Reported by: mloskot Owned by: Bborie Park
Priority: medium Milestone: PostGIS 2.1.0
Component: raster Version: master
Keywords: history Cc:

Description (last modified by Bborie Park)

Originally posted to postgis-devel in ST_Binary semantic thread, copied below.

Currently (SVN trunk), ST_AsBinary manifests dual nature, depending on in-db or out-db storage of raster data.

  • For in-db, ST_AsBinary returns complete blob with raster data in WKB format.
  • For out-db, ST_AsBinary returns the WKB header followed by local file path.

Assuming the WKB format is canonical representation, this ST_AsBinary manifests valid behaviour.

However, in the out-db case and from usability point of view, transporting local filesystem path does not make much sense.

I would argue, that canonical representation of WKB doesn't necessarily have to match ST_AsBinary output. It seems, currently we have made mistake in the fundamental behaviour.

Quick discussion with Regina, Sandro and Even on IRC confirms this argument is valid and common sense would suggest to most users that ST_Binary should output the same raster data, regardless storage mode on the server side.

Regina also commented that correction may or will potentially affect current users.

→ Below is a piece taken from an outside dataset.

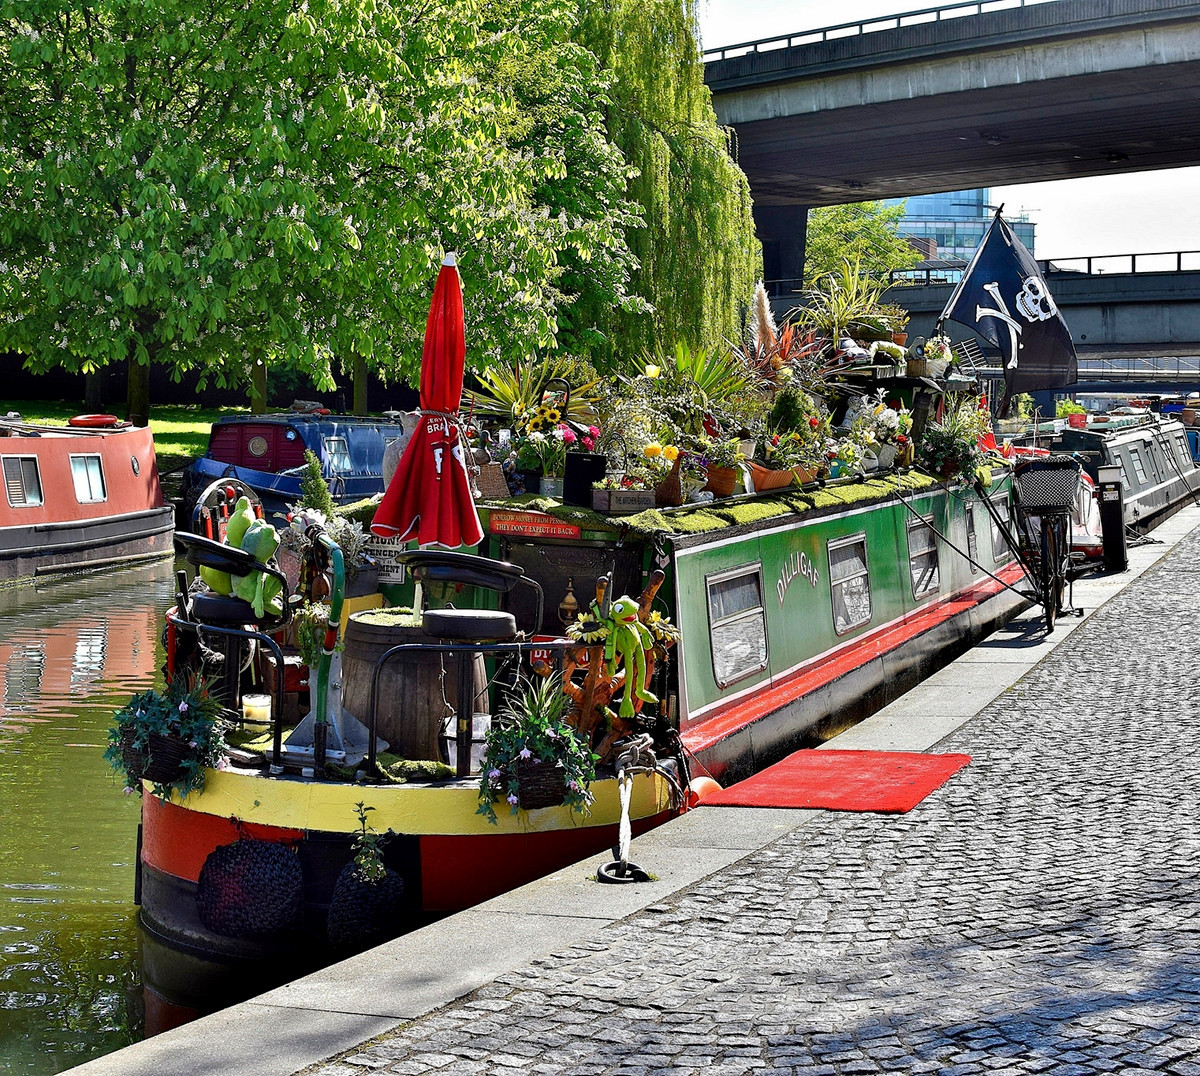 Narrowboats at the Paddington branch of the Grand Union Canal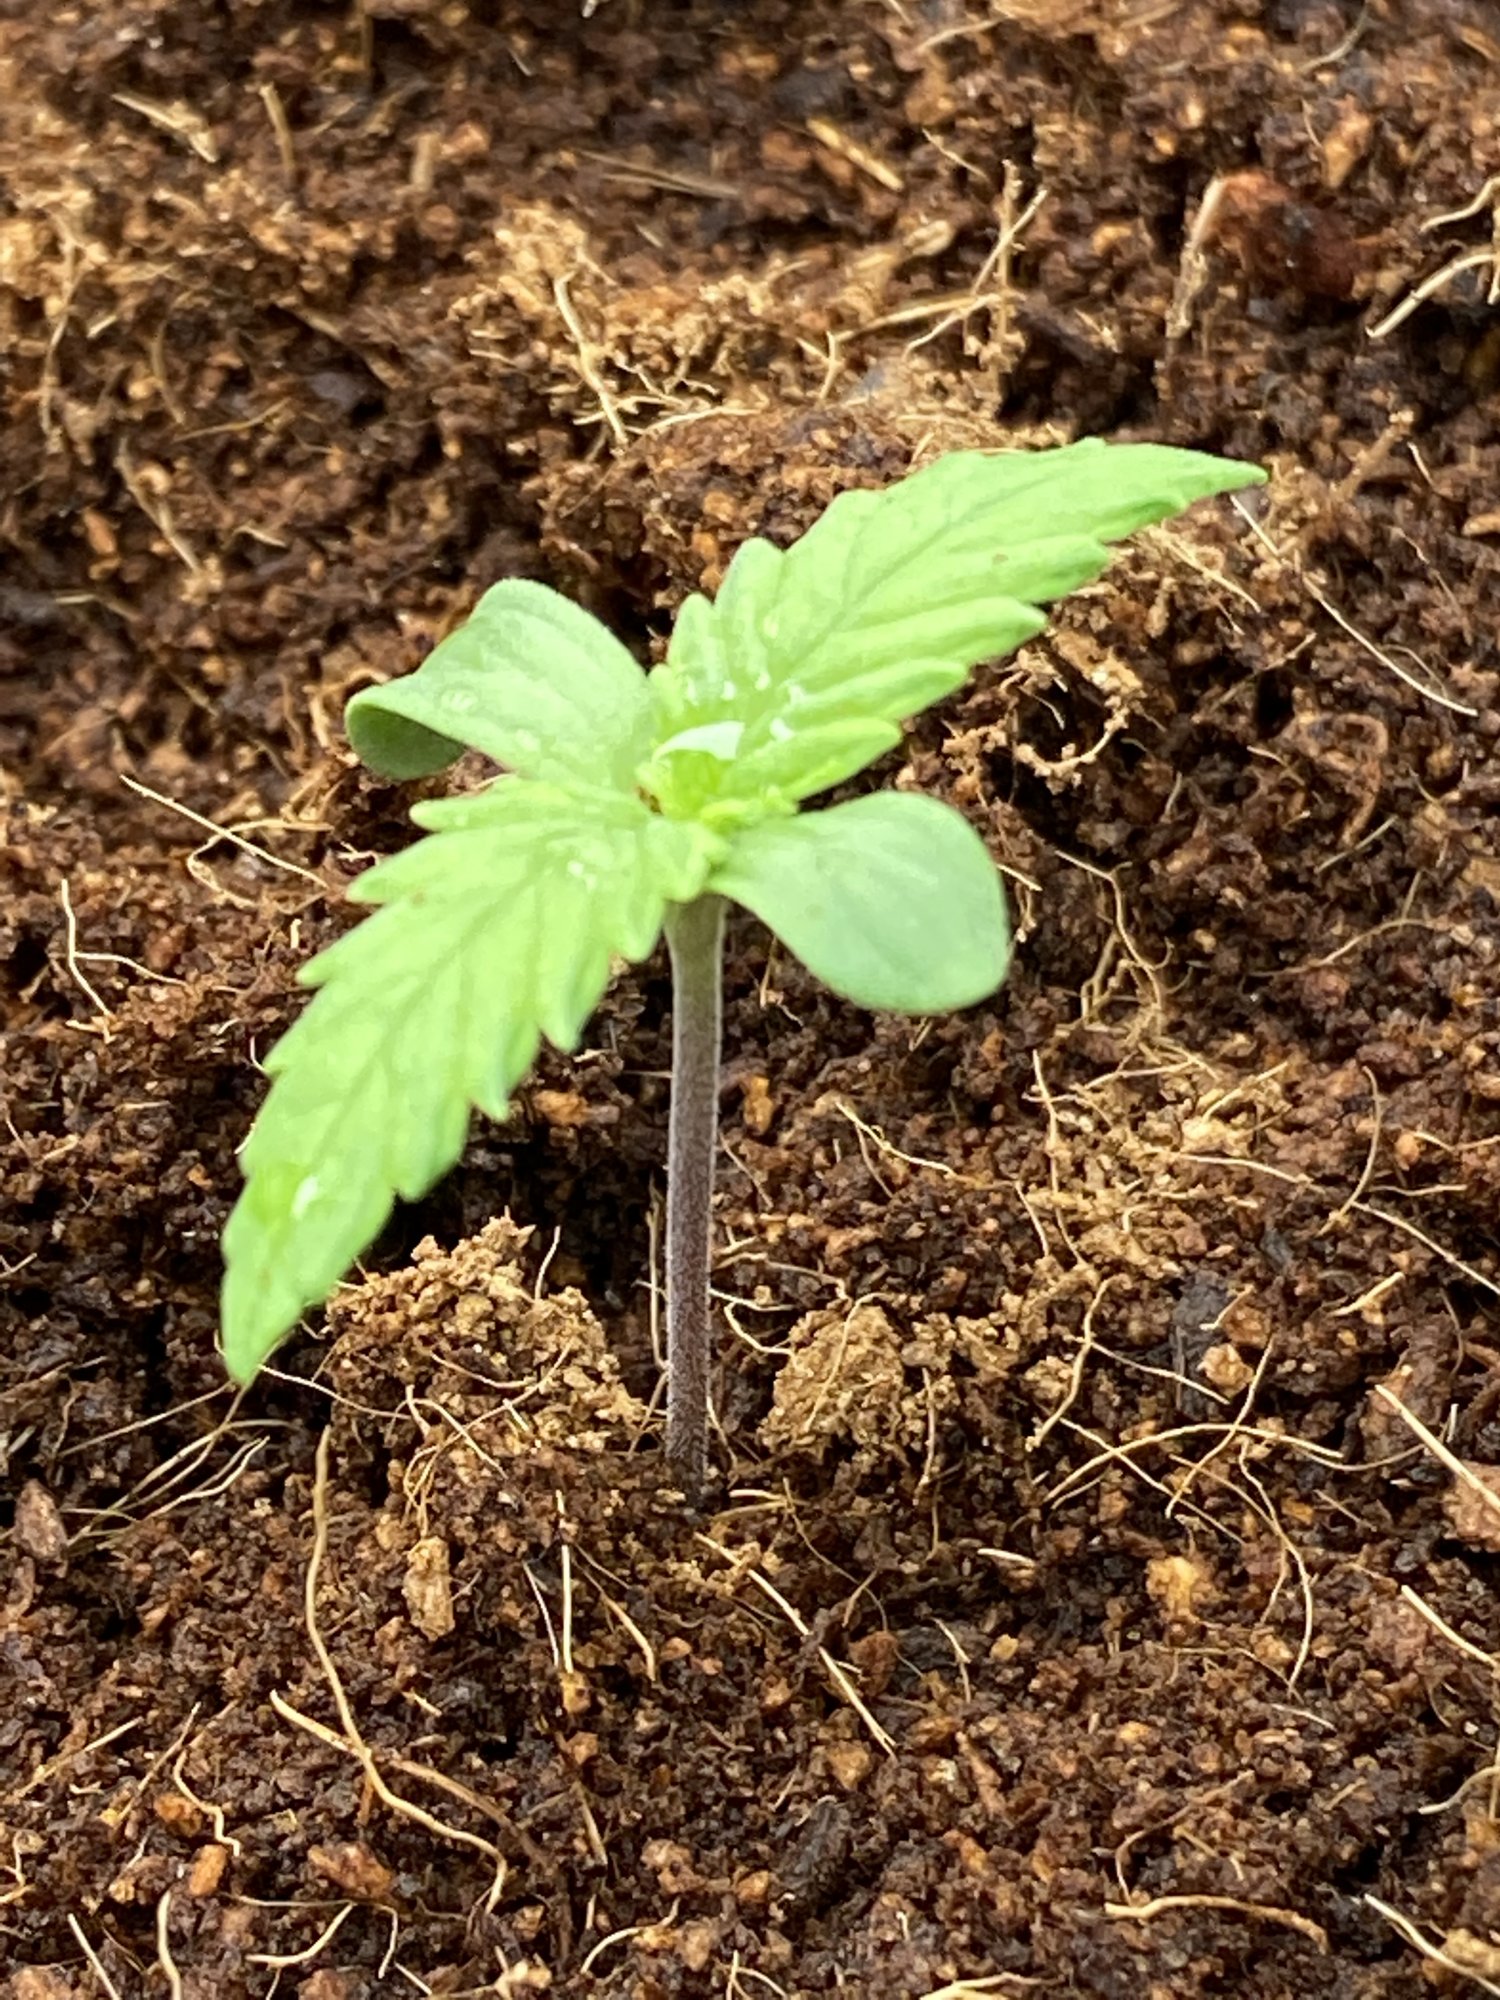 Help with seedling watering in coco

<robe2>proposal adversely affects prior backup and restore behavior
<robe2>Well the good thing is that I don't think too many people are
using out db in 2.0  (they might be using raster though).
2.1 has much more robust outdb
<robe2> So I think if we can catch it in 2.1 (even if it breaks 
out-db backward compatibility), it might be okay
<robe2> 3rd party readers are the MOST important folks to satisfy in my mind.
Because if you guys have difficulty supporting out of the box, no one will use it
<robe2> well GDAL a lot of third parties use indirectly so that goes without saying
<robe2> mloskot: anyrate like I said I think given we didn't really test 2.0 
out db and I have a feeling its pretty broken so as long as the change doesn't
affect in db, we'll be fine even if breaking for out db
<robe2> I mean in 2.1 (doing it in 2.1)

The choice between affecting current users of out-db raster storage (are there many?) and correcting API for correctness adn consistency in future uses is a difficult decision. Let's figure out how to handle it, please.

Change History (27)

comment:1 by Bborie Park, 11 years ago

Description: modified (diff)
Summary: [raster] ST_Binary semantic discrepancy[raster] ST_AsBinary semantic discrepancy

changed ST_Binary to ST_AsBinary…

comment:2 by mloskot, 11 years ago

@dustymugs Thanks for correction and sorry for perhaps confusing mistake.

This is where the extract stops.